Actually, you’ll have to wait a little longer for the imaginatively-named DSLR Camera Remote HD to hit – it’s due late November, but that does’t stop me getting excited. The iPad’s jumbo display is the reason: the iPhone’s screen isn’t much bigger than that of a modern-day SLR, so it made little more than a fancy, if useful, remote. Now you can preview and compose your shots on the iPad’s big screen, which opens up many more opportunities. Hell, in the studio, where portability isn’t a big deal, you might even use this right next to the camera just for that big preview.

Sadly, DSLR Remote still can’t fire the camera directly. You need to tether it to a computer running the companion server app. From there, you can peek your camera’s live-view, adjust exposure, focus and even use the iPad as an intervalometer for those time-lapse sequences you’ve always wanted to do.
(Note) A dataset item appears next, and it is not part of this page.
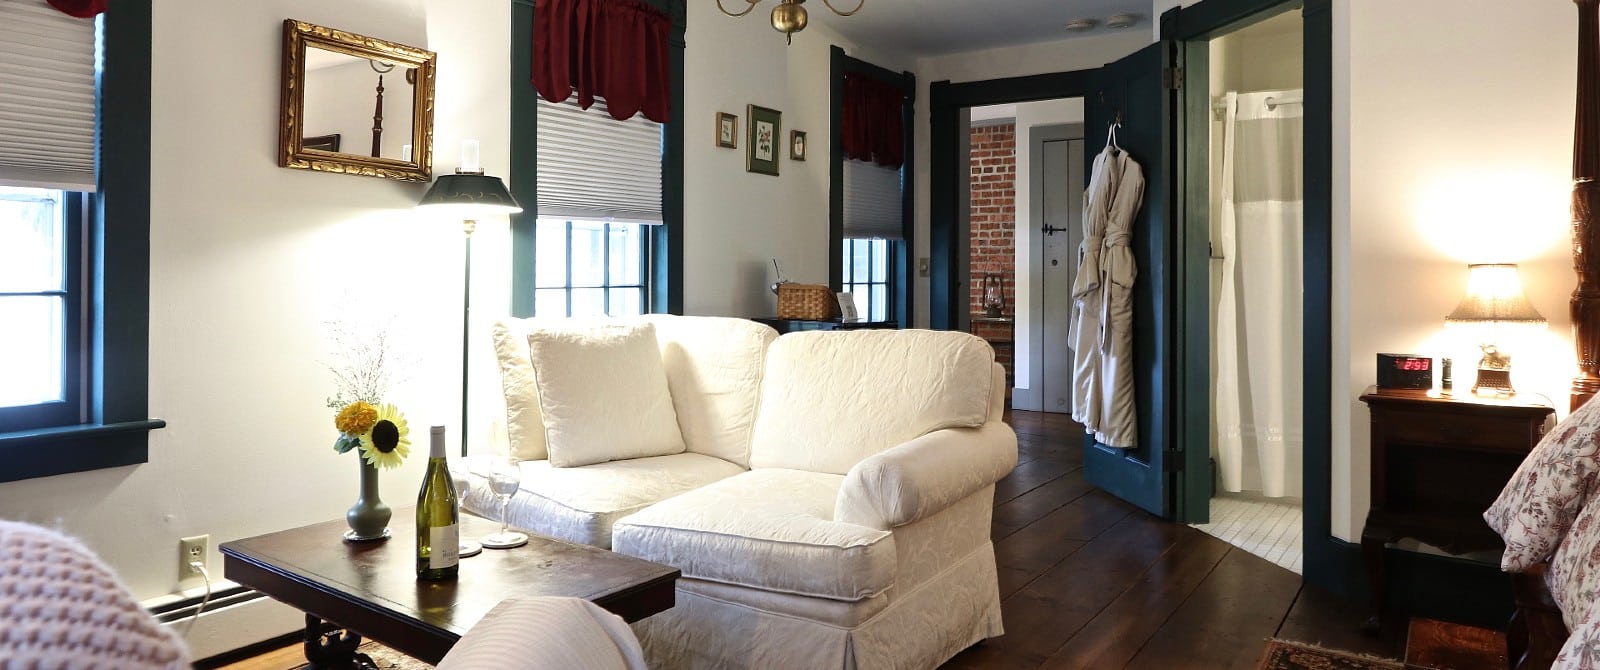 Sitting area of a bedroom with a white couch, coffee table and robe hanging on a doorway to a bathroom

There are some new features for the iPad version, too. You can now use gestures to pan and zoom the image for closer inspection, and also choose to save a low-res version of the picture to the iPad’s camera-roll. Finally, you will b able to shoot video and even monitor it with compatible cameras. The iPhone version will also get these additions in the next update.

Sounds great, right? You may want to sit down. The iPad app will cost you $50. The update to the iPhone app is free ($20 to buy new), but you’ll have to pay another $10 in-app to get the video-shooting functionality. Canon and Nikon only.